The diff output can be hard to read. It is basically a tiny CSV printed to the command line, and so getting the column name from a diff in some row is hard. Two things that could help: Copy the output to a CSV file and use the “rainbow csv” plugin in VSCode to lessen the eye strain, and/or make sure the test values in your input data hints at what column it is in. So instead of using “A” and “B” for all categorical columns, use “PRODUCT1” and “PRODUCT2” for the product column and “CATEGORY1” and “CATEGORY2” for the product category column.
Testing relative dates can be icky. If your SQL uses the current timestamp directly or indirectly, you might write unit tests that work today but fail tomorrow if you aren’t careful. So far I have been able to get away by writing dates either far in the past or far in the future. Hopefully we will have migrated our code by 2499.

A final rough part, which is not the fault of dbt but rather the inherent nature of data, is that the tests can get complex. Especially when revisiting a test, it can be hard to discern what you wanted to test. Not to mention of someone else needs to work on them. There is a lot of state, often many input tables, and the tests can get both long and wide. Comment what you are doing, and prefer many small tests to one big test - for readability and sanity, if nothing else.

Unit tests are not pytest 🔗

Compared to tests python, dbt unit tests have one big advantage: They are easy. You don’t have to mock an S3 bucket or anything your code might interact with. It is SQL. It interacts with other models. The tests can be just about the tests. So if you think pytest and mocks and patches when you hear unit tests, rest assured it isn’t like that.

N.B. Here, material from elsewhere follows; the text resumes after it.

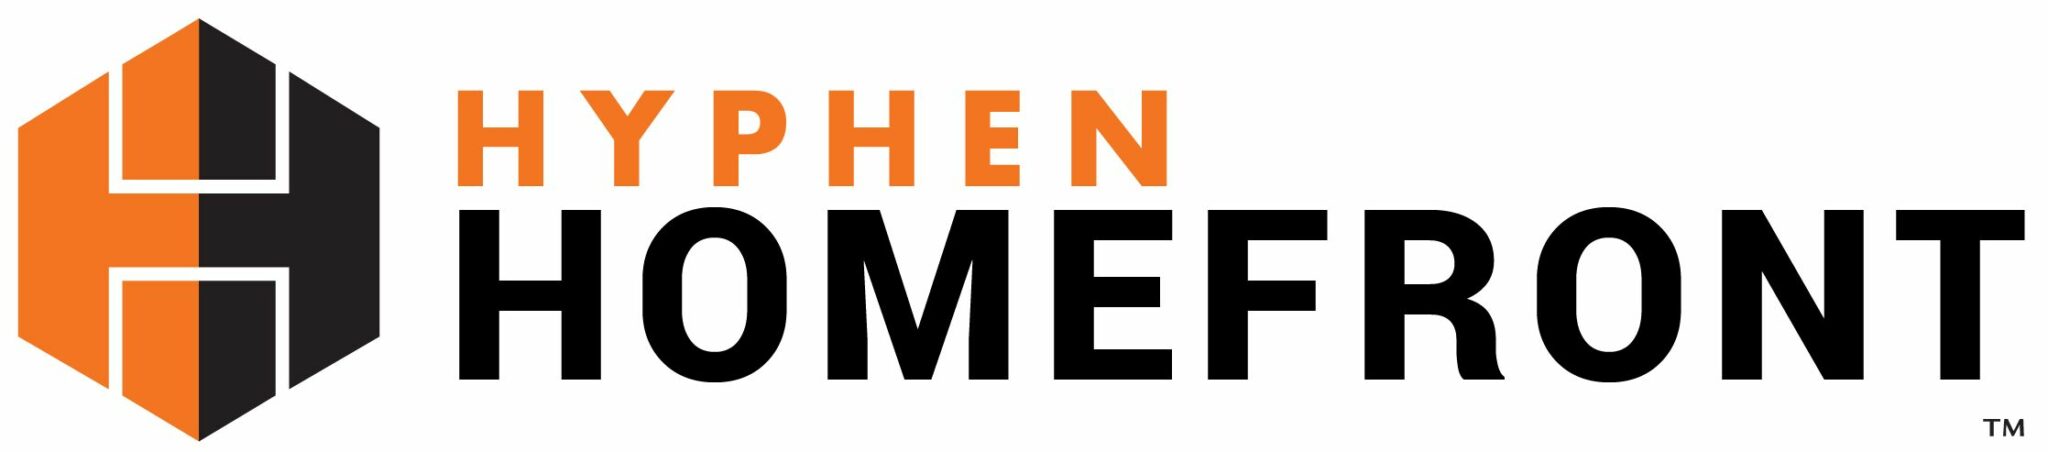 Hyphen Homefront Logo

Unit tests and data tests are very different 🔗

The contrast between data tests and unit tests become starker the more I use them. I write data tests whenever I have some general idea of what the data should look like. I will add a not_null or unique mostly for old times sake, but those tests are no longer necessary to ensure I wrote my join correctly. Instead, I see data tests more as a relative to freshness tests. They let you know that it is time to look closely at the data. My favorite data test nowadays is not_constant on columns that are linked to the data collection process. If you collect data from all your stores around the country, make sure there is more than one store in the data.

If I were to guess where dbt tests will go from here, I would say it will focus on a new deliniation between “we shouldn’t recreate this table because it is wrong” type of tests, and “this is a quality issue you should look into” type of tests. Both of these types of tests fall in the data-test category, but they are also not the same.